Asira al-Qibliya is one of six Palestinian villages located in the valley below the notoriously violent Yitzhar settlement, the site of many of this week’s attacks on Palestinians.

Residents of the villages are subjected to nearly-constant attacks from the settlers, who ambush homes, assault shepherds, chop down olive trees, and burn farmland, human rights groups have regularly reported.

Translation: The moment a group of settlers attacked the car of Qassam Nazzal on his way from Ramallah to Jenin today

"The homes at the top of the village, where I live, are only a few hundred metres from the edge of the settlement,” Hamdan said, “so we often bear the brunt of the attacks.”
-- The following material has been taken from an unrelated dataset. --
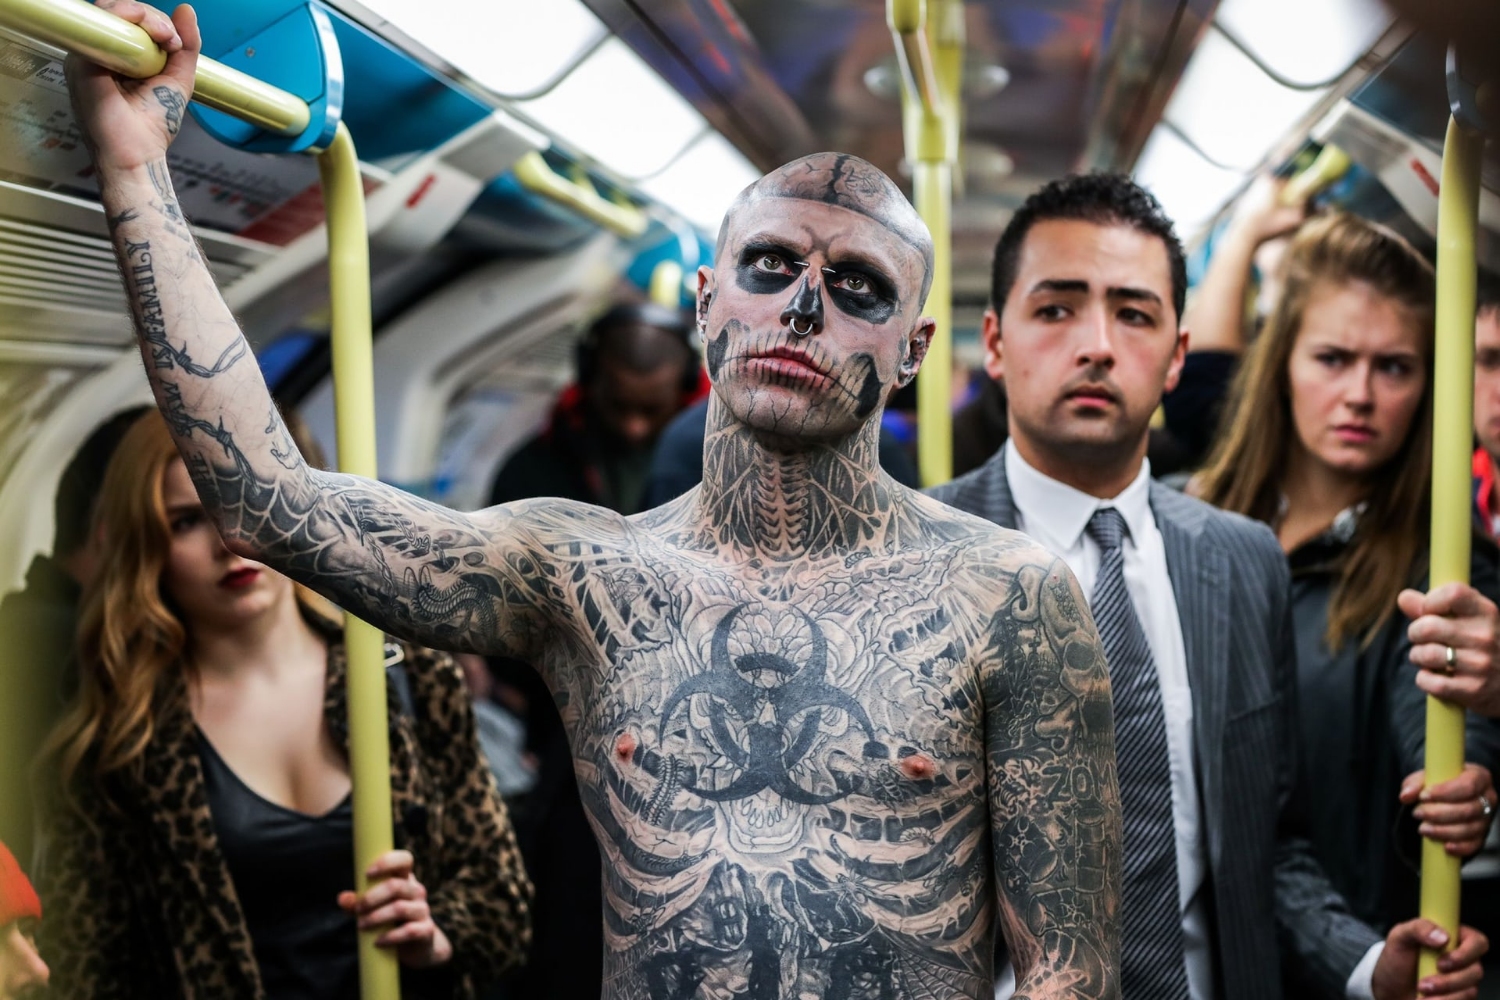  Zombie Boy in London in 2016. Photograph: CPG Photography Ltd/Rex/Shutterstock

“Since I was a boy I have been witnessing the settlers attack us,” he said.

While he said settlers carry out attacks at least once a month in the village, residents "always see an increase in settler violence" when an attack is carried out against Israeli settlers in the West Bank, such as the shootings last week.
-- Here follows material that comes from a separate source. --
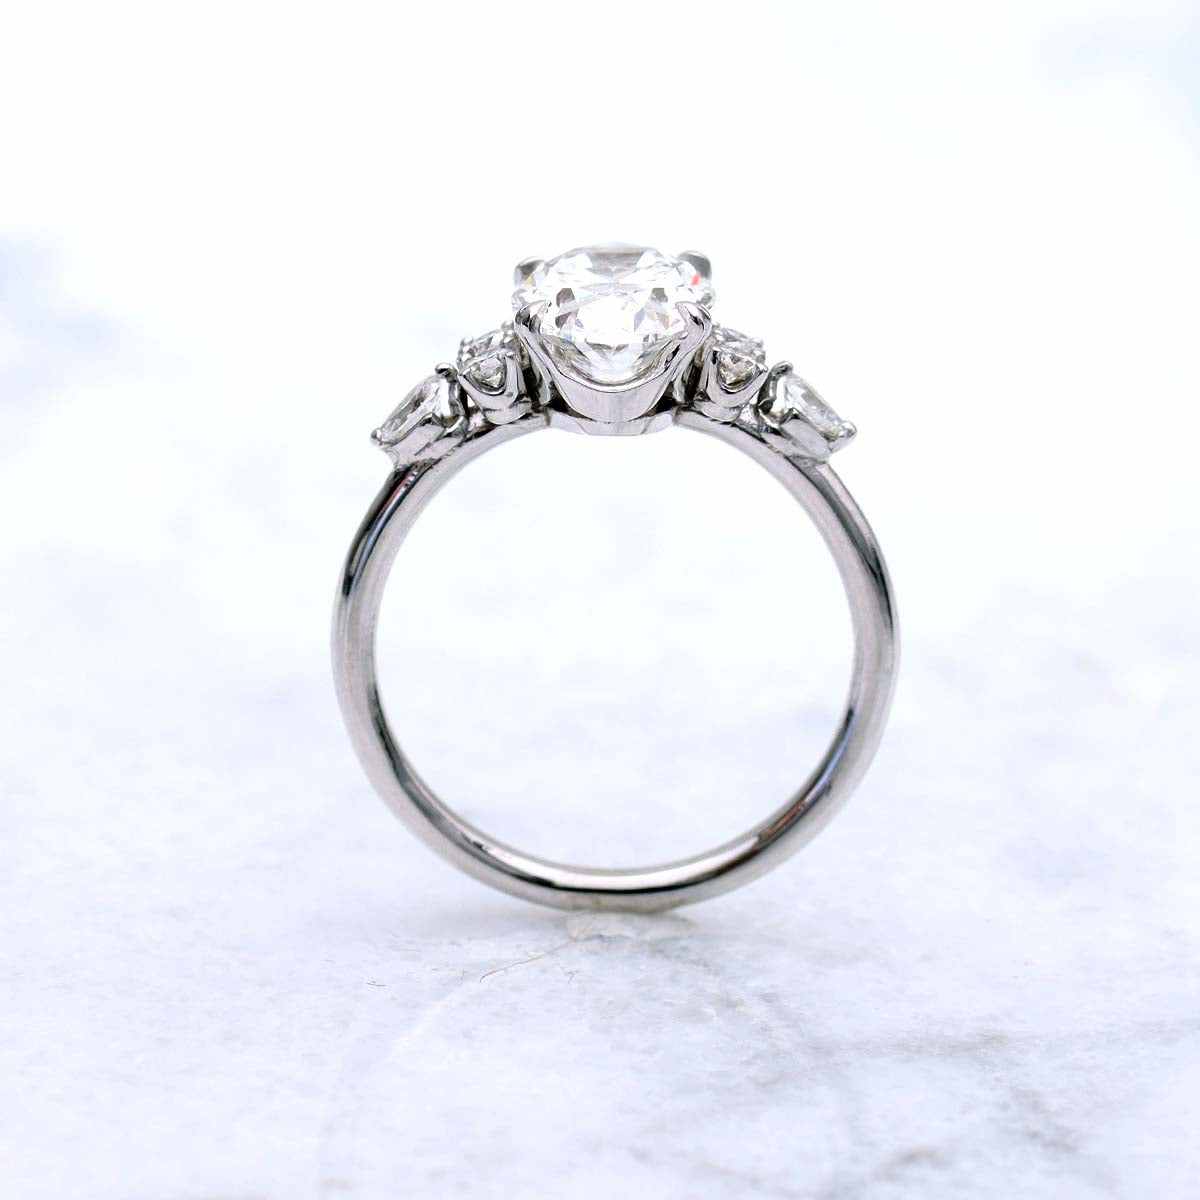 The Stella Jane Engagement Ring #3642-3

“They call them price-tag attacks, but to us, they are just part of the everyday violence we face from settlers,” Hamdan told MEE.

What happened to the Dawabsheh family is evidence of what the settlers are capable of

- Nashaat Abed al-Fattah, Yasuf mayor

Despite the frequency of such violence against Palestinians, this week’s settler attacks have left many people fearful that things could escalate even further.

“What happened to the Dawabsheh family is evidence of what the settlers are capable of and many of us are aware of this fact,” Abed al-Fattah, the mayor of Yasuf, told MEE, referring to a 2015 attack in which Israeli settlers set fire to a Palestinian family's home in the West Bank village of Duma.

Saad and Riham Dawabsheh and their 18-month-old baby, Ali, were killed in that attack, while the couple's four-year-old son, Ahmed, was the sole survivor.

“Many people are scared to drive in their cars because of what’s happening,” Abed al-Fattah said, pointing to the case of Aisha al-Rabi, a Palestinian mother of eight who was killed in October when Israeli settlers hurled rocks at her car on the main road near Nablus.

“These settlers are terrorists that are protected by the terrorist state of Israel,” he said. “As long as the settlers are here on our land, there will never be peace.”